MrFAST (micro-read fast alignment search tool) is a tool designed to detect CNV using second generation sequence data.  It is also the most popular SV tool described in this review, having been cited by 103 papers as of October 2011.  There is also an additional version called “DrFast” which is designed for SOLiD color-space data.

Operation
MrFAST attempts to align the raw reads to a reference genome, much like aligners such as BioScope or MAQ.   However MrFAST differs in two key details.  Firstly, it does not attempt to map the full reads, instead breaking a read up into k-mers (with a default length of 12), which are then aligned.  Secondly, most aligners when faced with a read that matches multiple loci within the genome will select a loci at random.  MrFAST on the other hand will map the read to all matching loci in order to reduce variability.  Additionally MrFAST also tracks the “edit distance” for each read at each loci to both reduce the impact of sequencing error and also to enable the calling of SNPs, which is important in determining whether a called copy is actually functional or not.(Alkan, Kidd et al. 2009)

Validation
The results called by MrFAST were validated using Array-CGH and FISH Analysis. It is difficult to quantify the success rates of the Array-CGH validation as they only sought to validate those called duplication intervals that were not shared across all three of their samples, in which case they found a validation rate of 68%.  They also used FISH analysis to validate 11 duplicated loci that were different between two of their samples, finding the FISH results to be “highly consistent with the absolute copy number predicted by MrFAST” (Alkan, Kidd et al. 2009).

 

 

CNV-Seq

CNV-Seq uses a different model to MrFAST, in that rather than seeking to detect the absolute number of copies, CNV-Seq uses a comparative technique enabling the detection of differences between two samples.  This is of particular interest for cancer data where we have two sample, tumour and normal and the primary interest is in the differences.

Operation
Both samples are aligned to a reference genome.  Using a sliding window, the read depth of each window is calculated for each sample.  The read depth distributions are compared using a Poisson model (using a normal approximation) that enables the calculation of a probability that the difference is the result of random chance (Xie and Tammi 2009).

Validation
Calls made by CNV-Seq were validated against the low-coverage genomes of Dr Craig Venter and Dr J Watson (at 7.5x and 7.4x coverage), with the results compared to known regions achieving a 50% overlap of known regions.  Results were also compared to a-CGH micro-array experiments with the majority of calls not being validated, however this was seen as evidence of the superiority of the sensitivity of the CNV-Seq technique.

 


 

Split read techniques
Split read techniques attempt to locate the exact junction of a break point by looking for reads which have “hard clips”, which is to say that a large portion of the read maps to the reference genome, but the remaining section does not.  One possible explanation for a hard clip is that their is a structural variation in the region that the read spans.
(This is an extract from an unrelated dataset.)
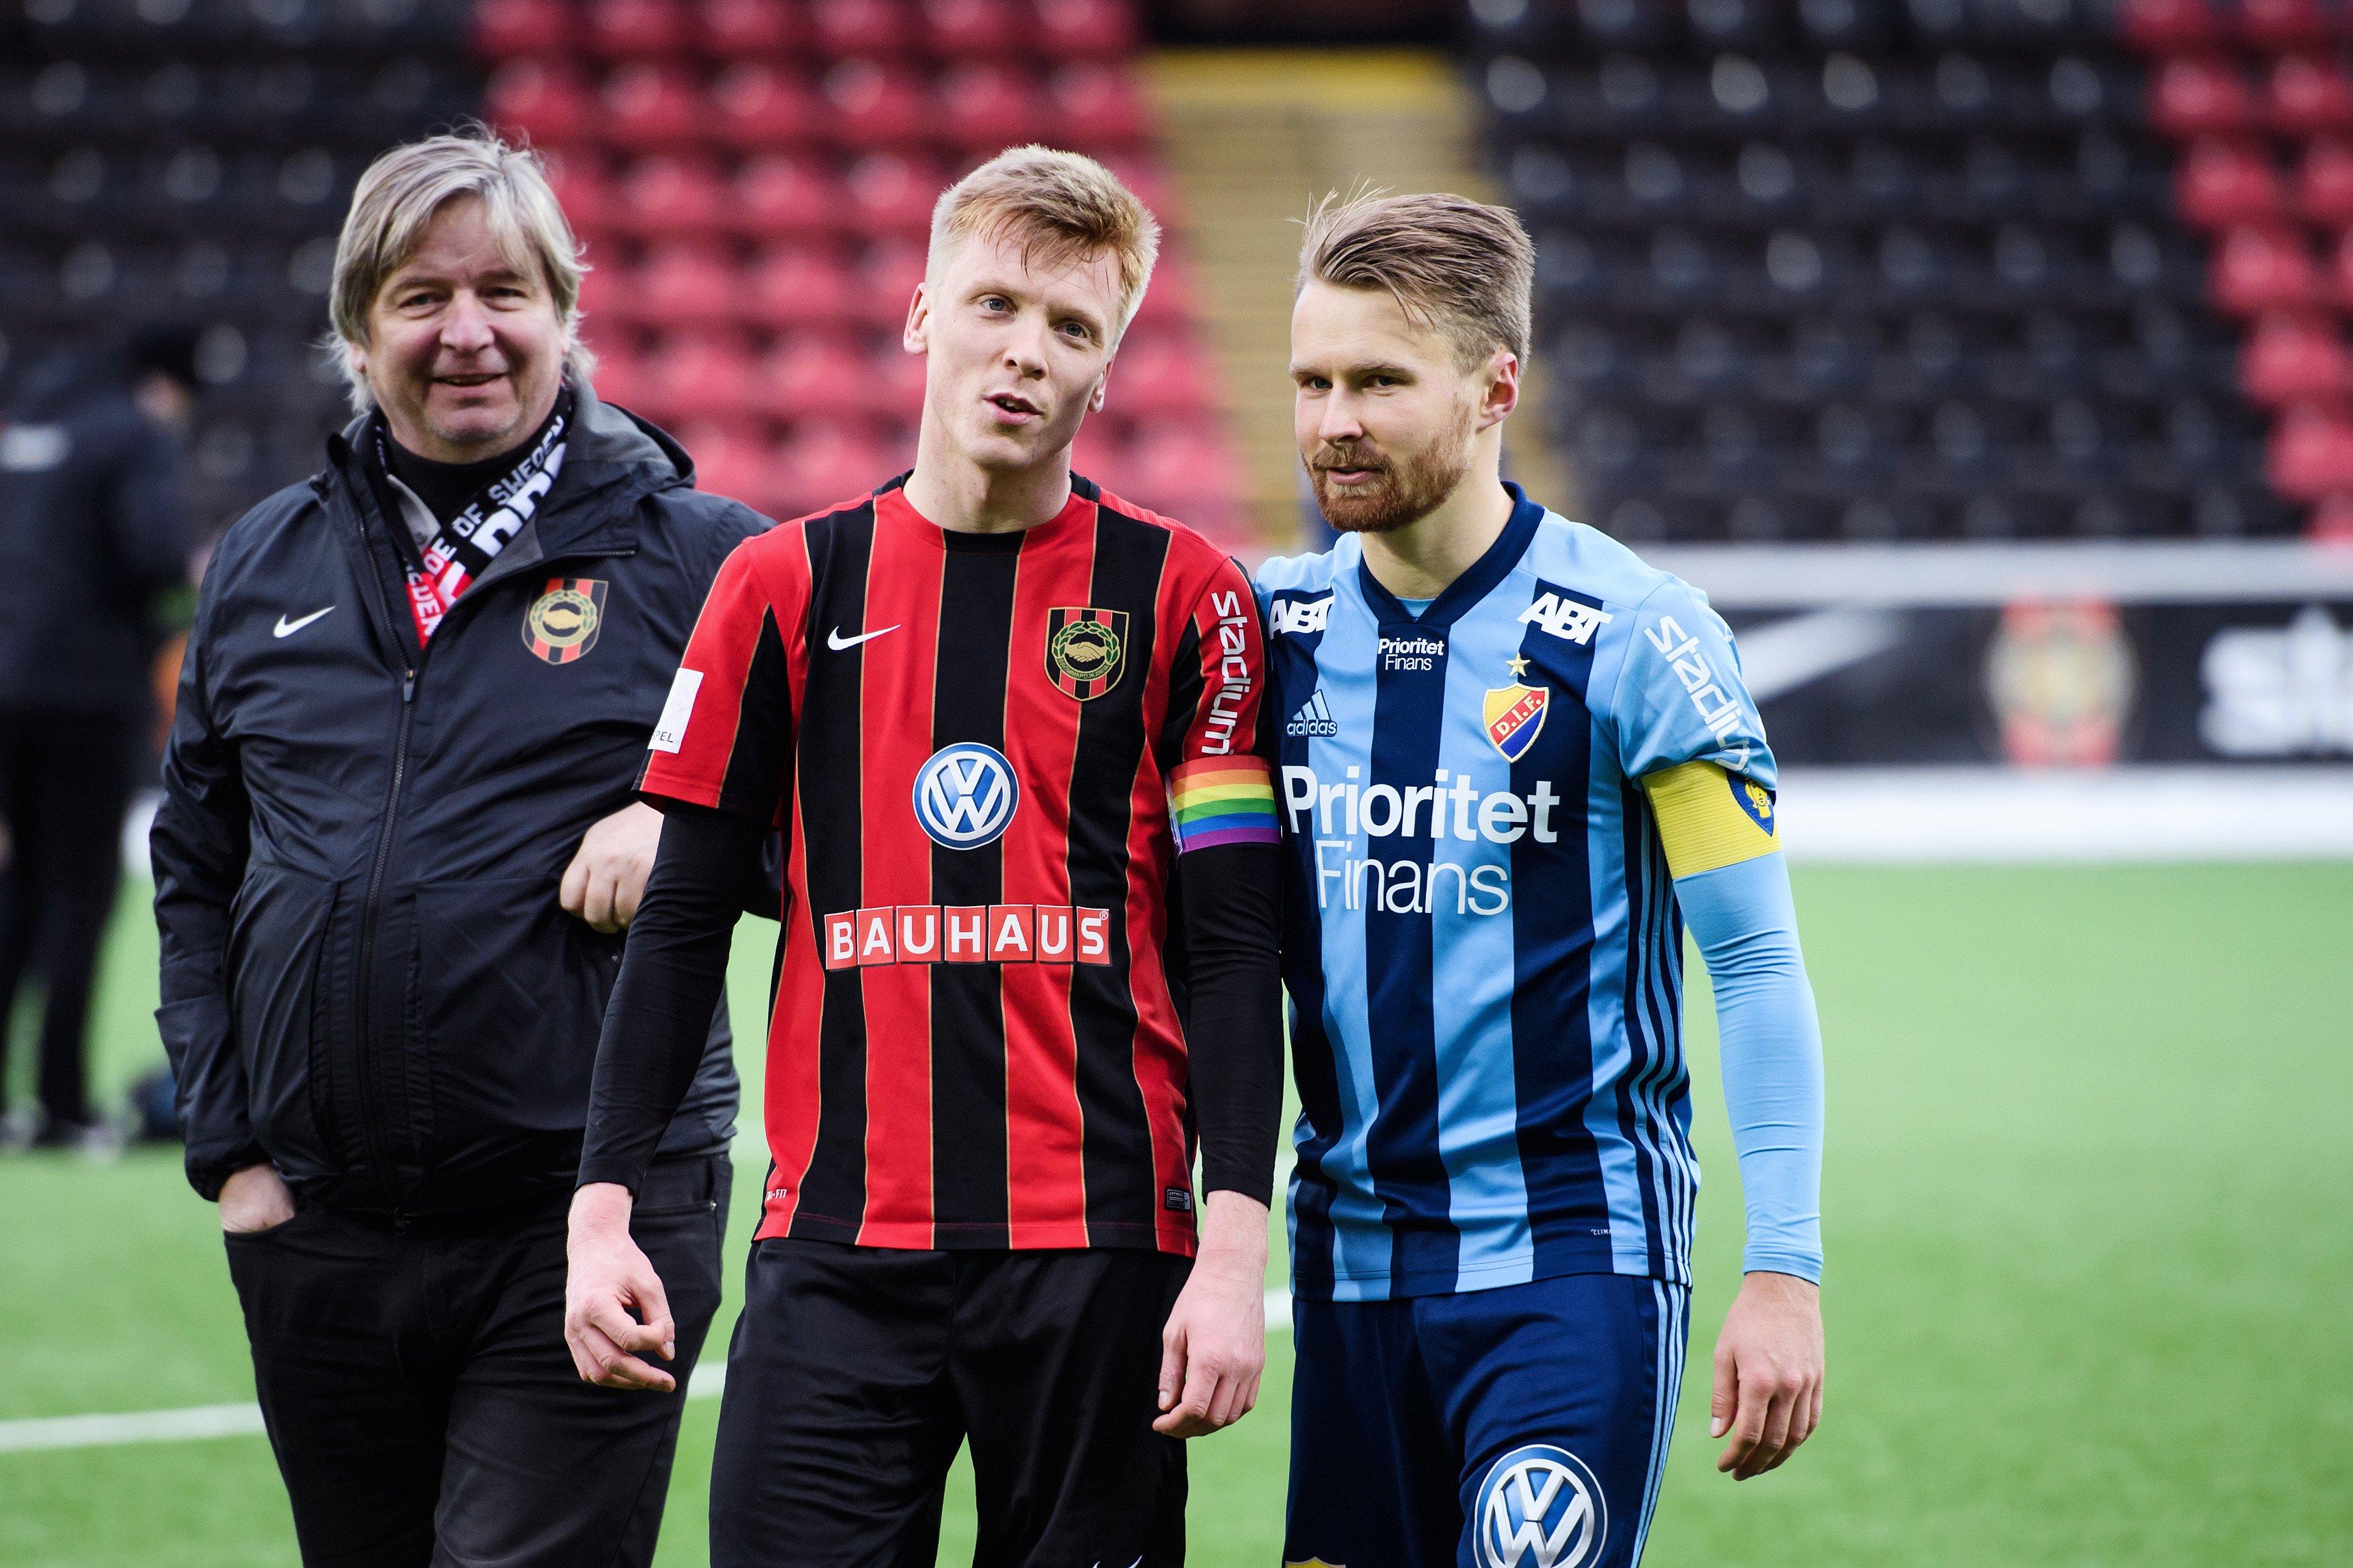 Sportbladets profiler om veckans grej i allsvenskan

Thus part of the read may map to one loci, and the remaining hard clipped region may map to another - providing evidence of a structural variation.

This technique requires long reads (the CREST algorithm requires reads of > 75bp in length (Wang, Mullighan et al. 2011)) to be effective.  With shorter reads, the hard-clipped region is typically very short, meaning that it may map to a very large number of regions within the genome making it impossible to detect the secondary loci.